Scenario 3: Spare HDD failure
When the management node has 24 HDDs, four are designated as spares.
Failure of any of the disks does not impact the RAID or system functionality.
Cisco recommends replacing these disks when they fail (see the steps in
Scenario 1) to serve as standby disks and so when an active disk fails, an
auto-rebuild is triggered.
Scenario 4: Power outage/hard reboot
If a power outage or hard system reboot occurs, the system will boot up
and come back to operational state. Services running on management node during
down time will be disrupted. See the steps in Scenario 9 for the list of
commands to check the services status after recovery.
Scenario 5: System reboot
If a graceful system reboot occurs, the system will boot up and come
back to operational state. Services running on management node during down time
will be disrupted. See the steps in Scenario 9 for the list of commands to
check the services status after recovery.
Scenario 6: Docker daemon start failure
The management node runs the services using Docker containers. If the
Docker daemon fails to come up, it causes services such as ELK, Cobbler and
VMTP to go into down state. You can use the
systemctl command to check the status of the Docker daemon, for
example:
# systemctl status docker
docker.service - Docker Application Container Engine
Loaded: loaded (/usr/lib/systemd/system/docker.service; enabled; vendor preset: disabled)
Active: active (running) since Mon 2016-08-22 00:33:43 CEST; 21h ago
Docs: http://docs.docker.com
Main PID: 16728 (docker)
If the Docker daemon is in down state, use the
systemctl restart docker
command to restart the Docker service. Run the commands listed in
Scenario 9 to verify that all the Docker services are active.
Scenario 7: Service container (Cobbler, ELK) start failure
As described in Scenario 8, all the services run as Docker containers on
the management node. To find all services running as containers, use the
docker ps –a command. If any services are in Exit state, use the
systemctl command and grep for Docker to find the exact service
name, for example:
# systemctl | grep docker- | awk '{print $1}'
docker-cobbler-tftp.service
docker-cobbler-web.service
docker-cobbler.service
docker-container-registry.service
docker-elasticsearch.service
docker-kibana.service
docker-logstash.service
docker-vmtp.service
If any services need restarting, use the
systemctl command. For example, to restart a Kibana service:
# systemctl restart docker-kibana.service
Scenario 8: One link failure on the bond Interface
The management node is set up with two different networks: br_api and
br_mgmt. The br_api interface is the external. It is used for accessing outside
services such as the Cisco VIM REST API, Kibana and Cobbler. The br_mgmt
interface is internal. It is used for provisioning and to provide management
connectivity to all OpenStack nodes (control, compute and storage). Each
network has two ports that are bonded to provide redundancy. If one port fails,
the system will remain completely functional through the other port. If a port
fails, check for physical network connectivity and/or remote switch
configuration to debug the underlying cause of the link failure.

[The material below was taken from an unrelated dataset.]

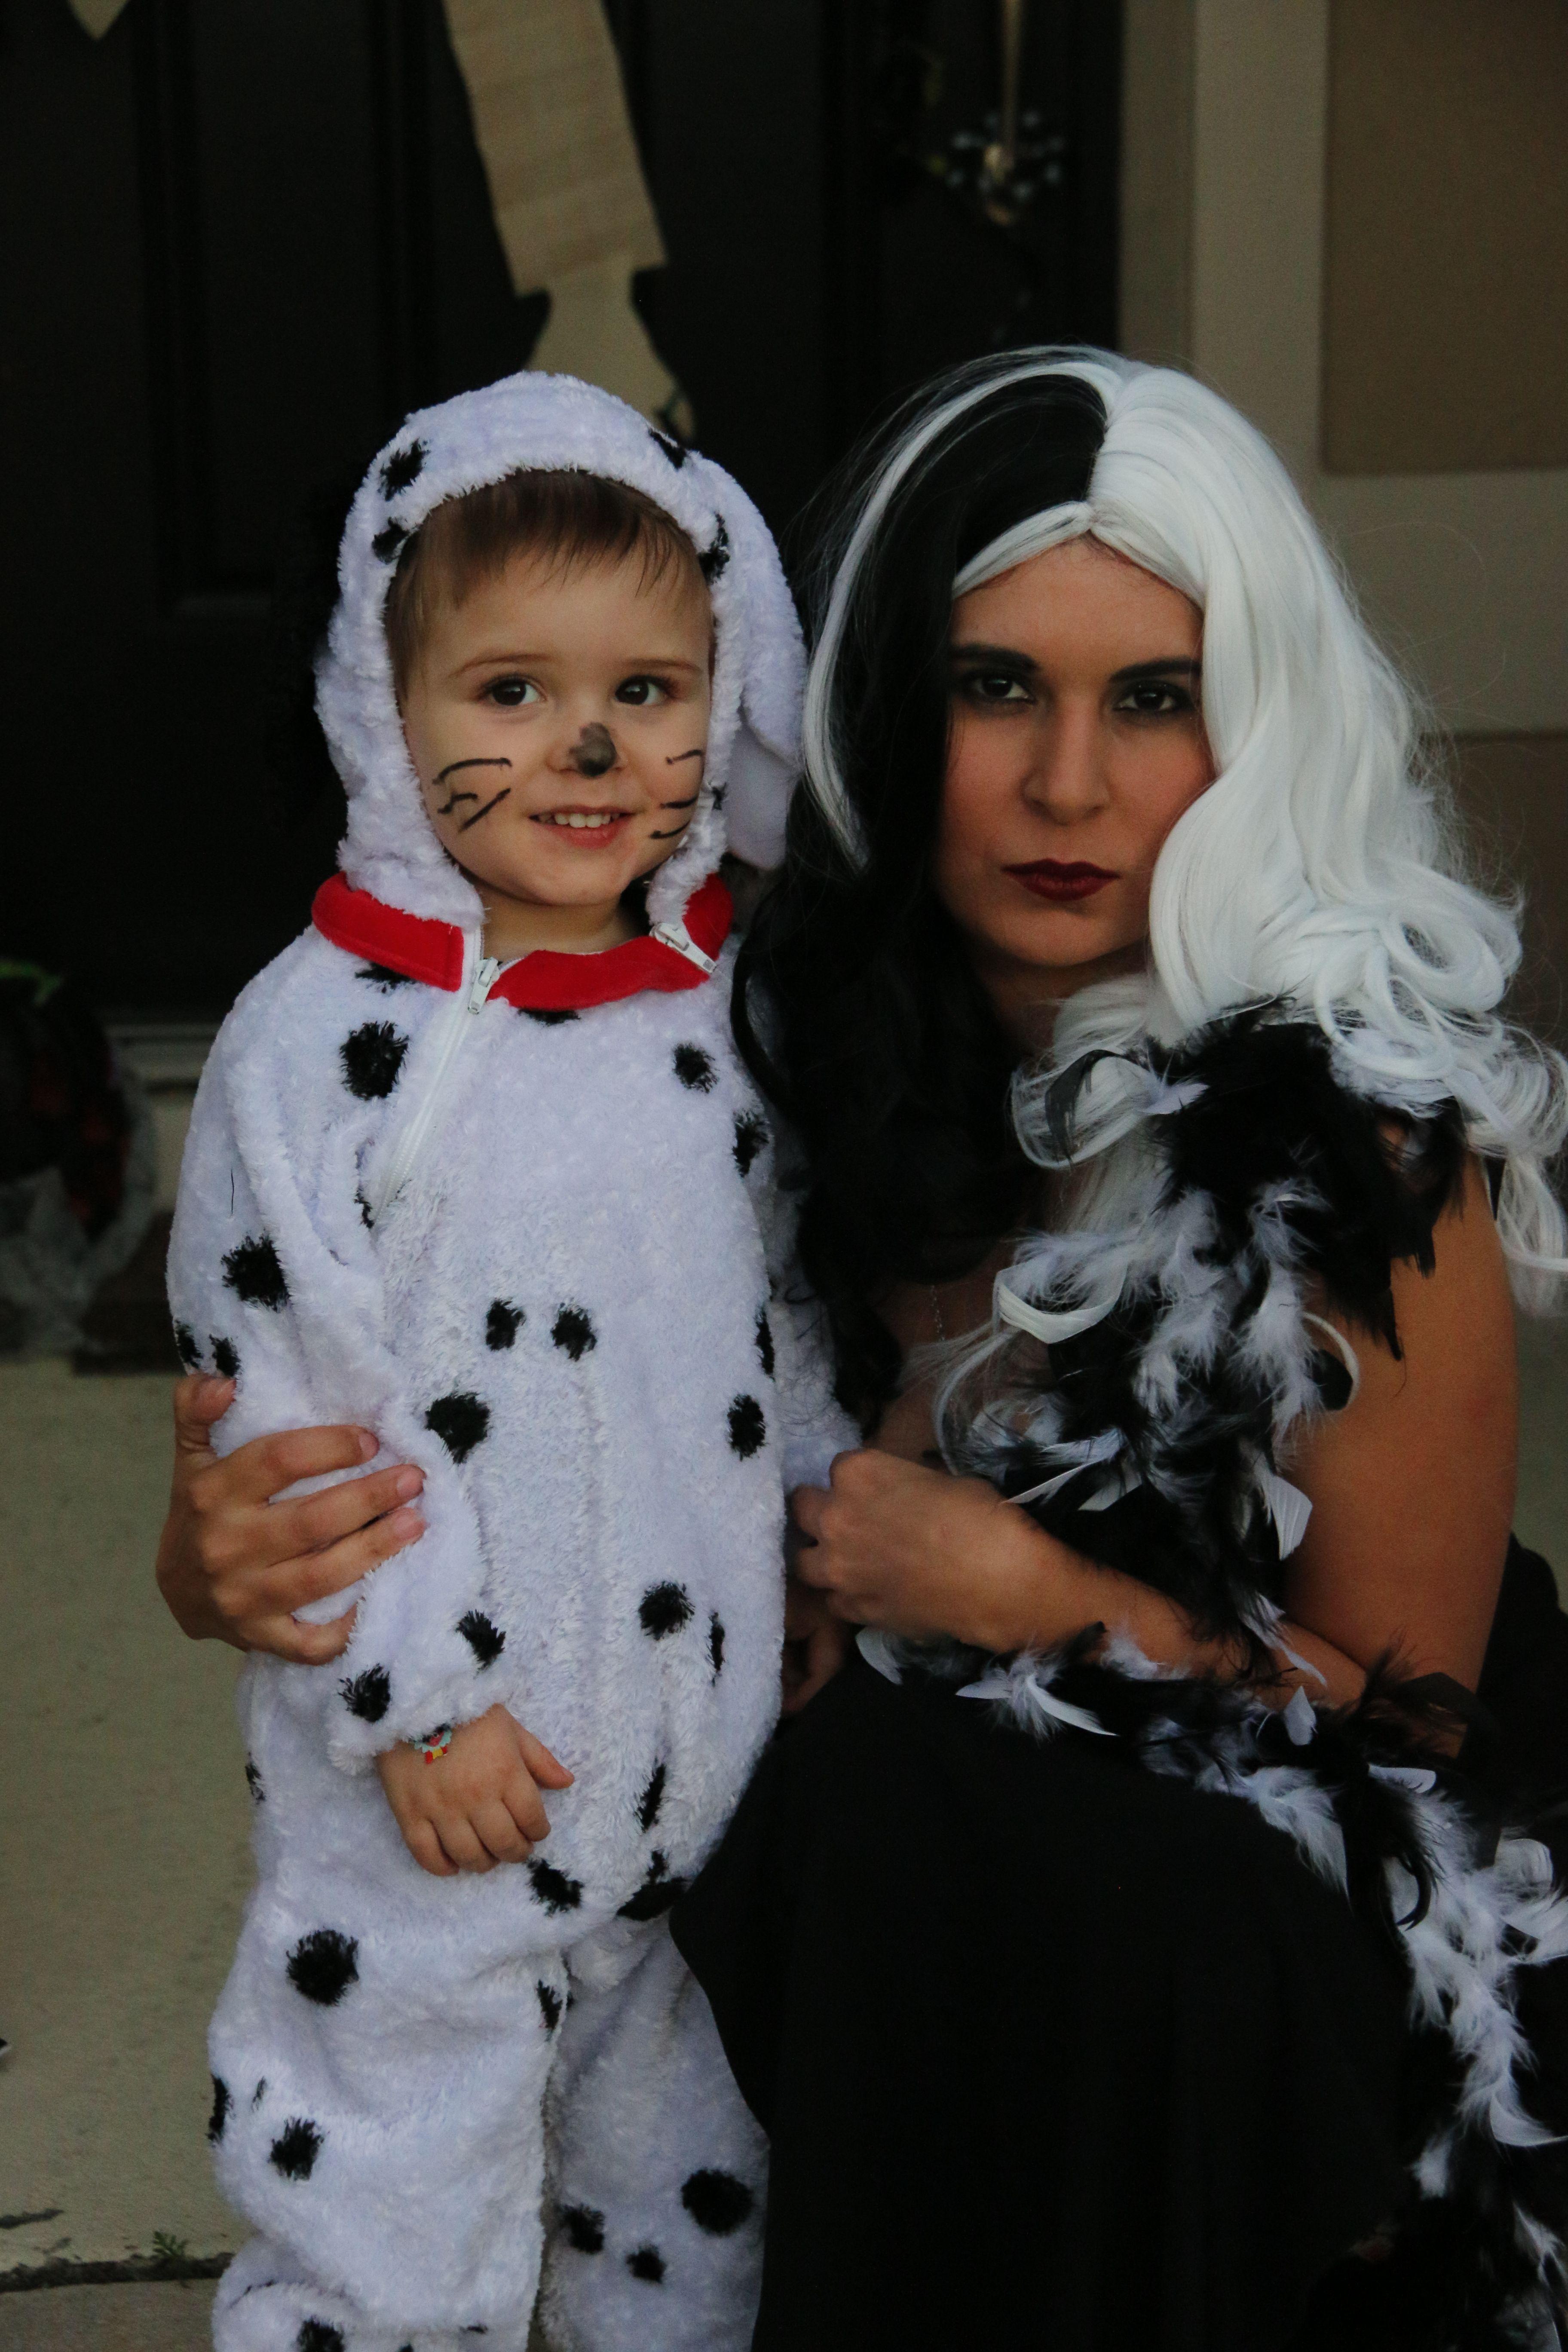 Disfraz Aladin Babies Amp Daddies T Halloween Costumes

Scenario 9: Two link failures on the bond Interface
As described in Scenario 10, each network is configured with two ports.

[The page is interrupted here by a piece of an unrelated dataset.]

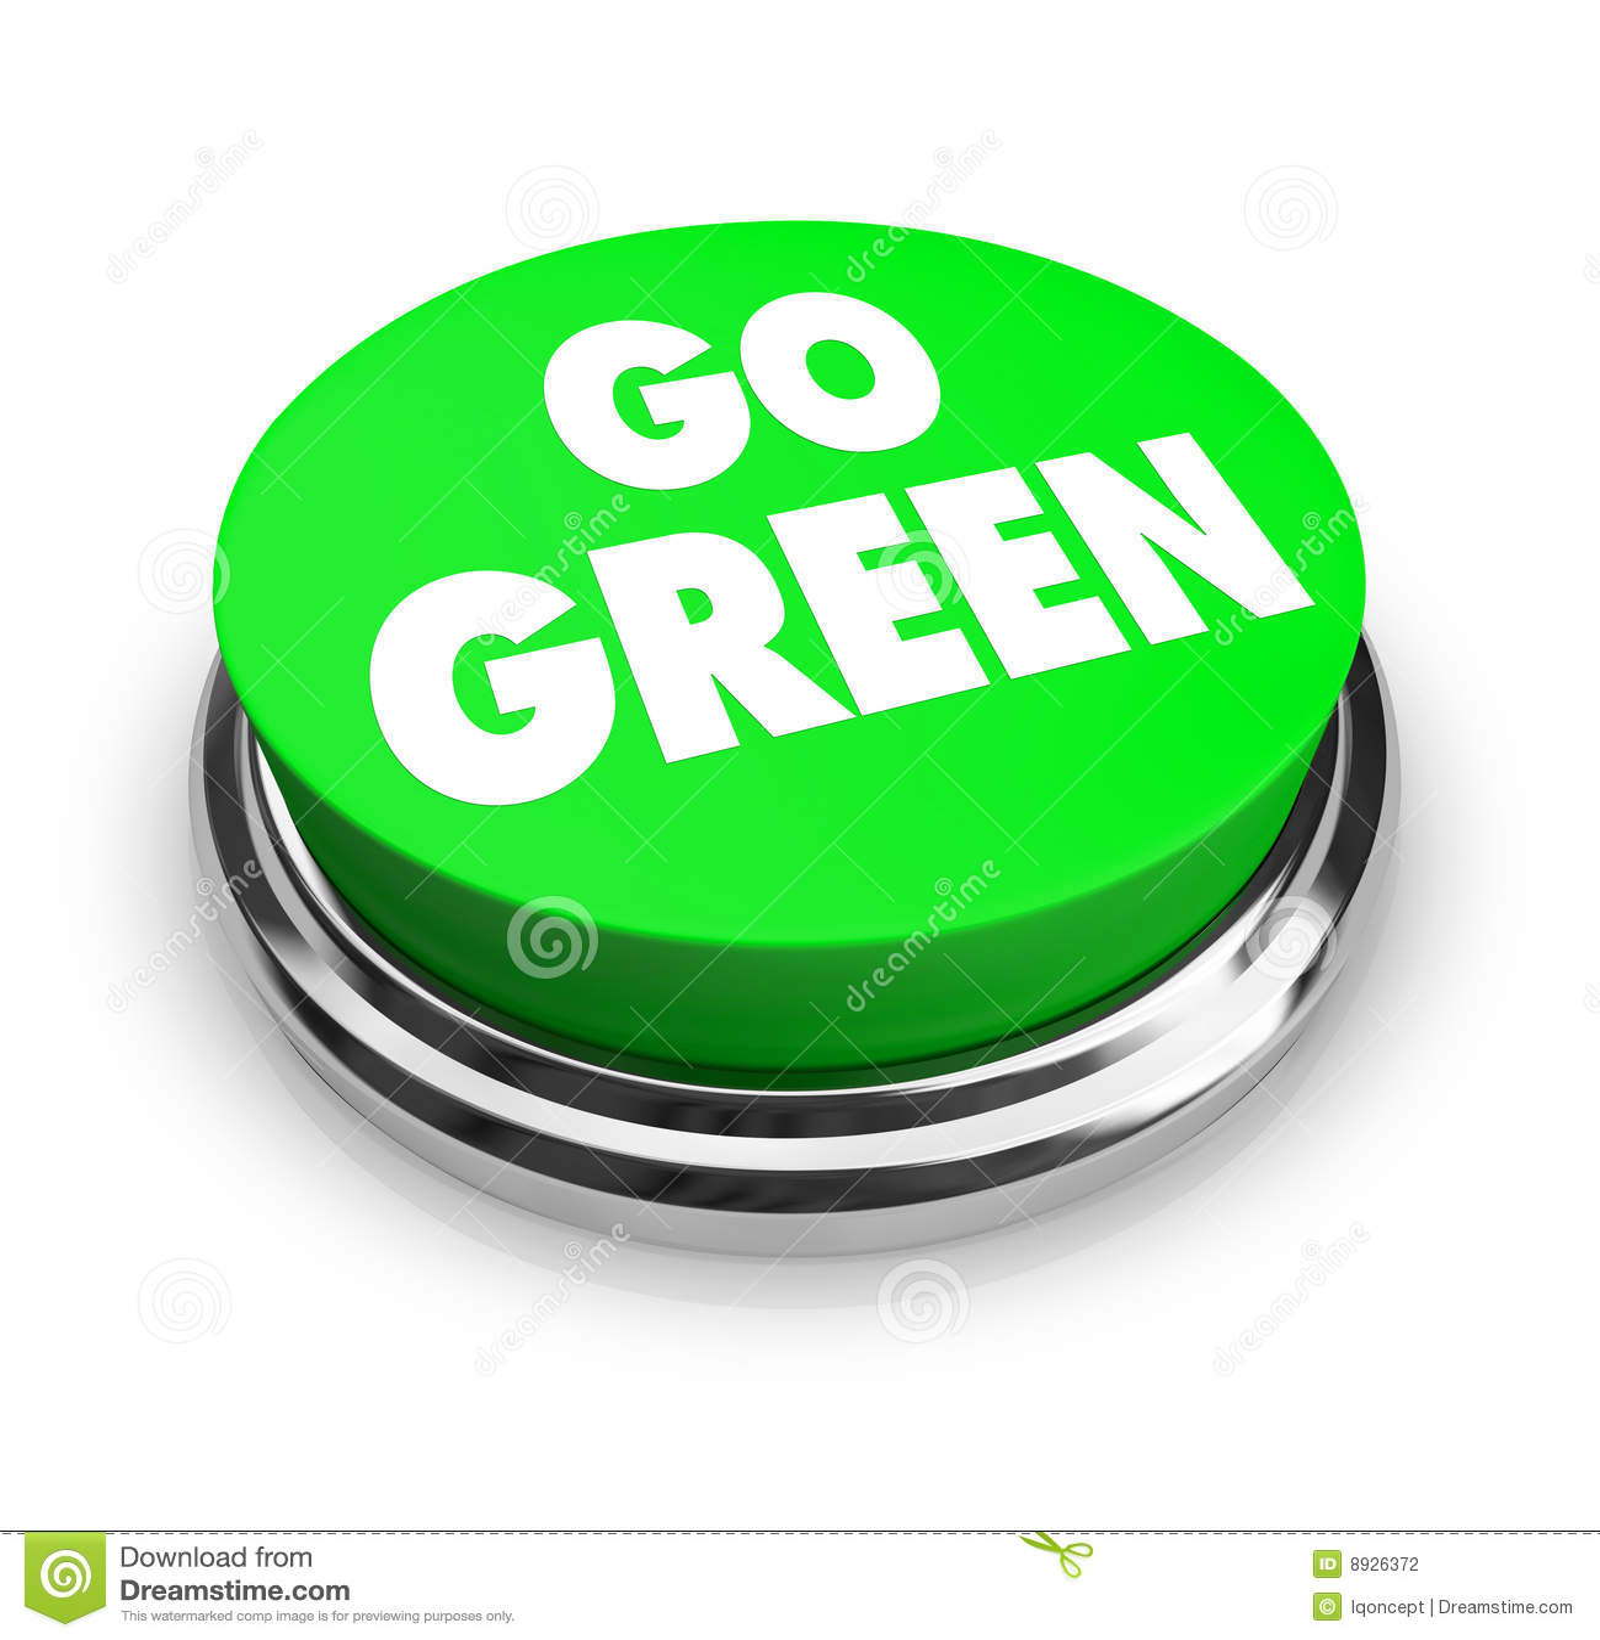 Go green button stock illustration. Illustration of round

If both ports are down, the system is not reachable and management node
services could be disrupted. After the ports are back up, the system is fully
operational. Check the physical network connectivity and/or the remote switch
configuration to debug the underlying link failure cause.

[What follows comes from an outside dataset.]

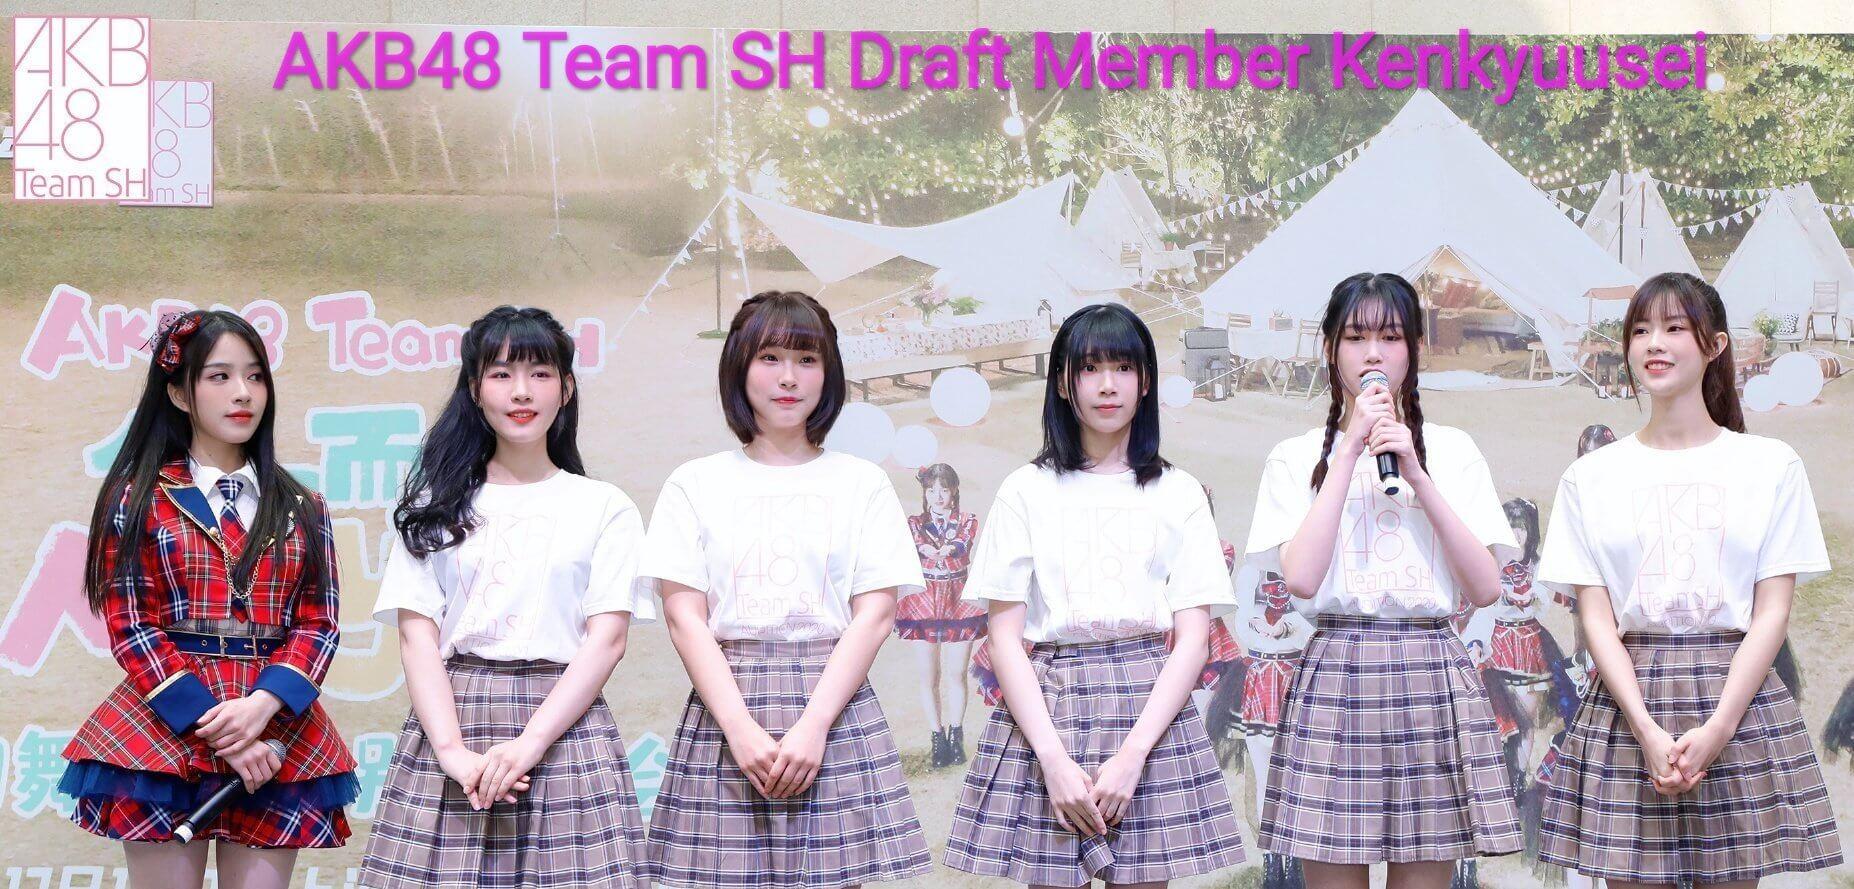 Draft Member AKB48 Team SH

Scenario 10: REST API service failure
The management node runs the REST API service for Cisco VIM clients to
reach the server. If the REST service is down, Cisco VIM clients cannot reach
the server to trigger any server operations. However, with the exception of the
REST service, other management node services remain operational.
To verify the management node REST services are fully operational, use
the following command to check that the httpd and mercury-restapi services are
in active and running state:
# systemctl status httpd
httpd.service - The Apache HTTP Server
Loaded: loaded (/usr/lib/systemd/system/httpd.service; enabled; vendor preset: disabled)
Active: active (running) since Mon 2016-08-22 00:22:10 CEST; 22h ago
# systemctl status mercury-restapi.service
mercury-restapi.service - Mercury Restapi
Loaded: loaded (/usr/lib/systemd/system/mercury-restapi.service; enabled; vendor preset: disabled)
Active: active (running) since Mon 2016-08-22 00:20:18 CEST; 22h ago
A tool is also provided so that you can check the REST API server status
and the location of the directory it is running from. To execute run the
following command:
# cd installer-<tagid>/tools
#./restapi.py -a status
Status of the REST API Server: active (running) since Thu 2016-08-18 09:15:39 UTC; 9h ago
REST API launch directory: /root/installer-<tagid>/
Confirm the server status is active and check that the restapi launch
directory matches the directory where the installation was launched. The
restapi tool also provides the options to launch, tear down, and reset password
for the restapi server as shown below:
# ./restapi.py –h
usage: restapi.py [-h] --action ACTION [--yes] [--verbose]
REST API setup helper
optional arguments:
-h, --help show this help message and exit
--action ACTION, -a ACTION
setup - Install and Start the REST API server.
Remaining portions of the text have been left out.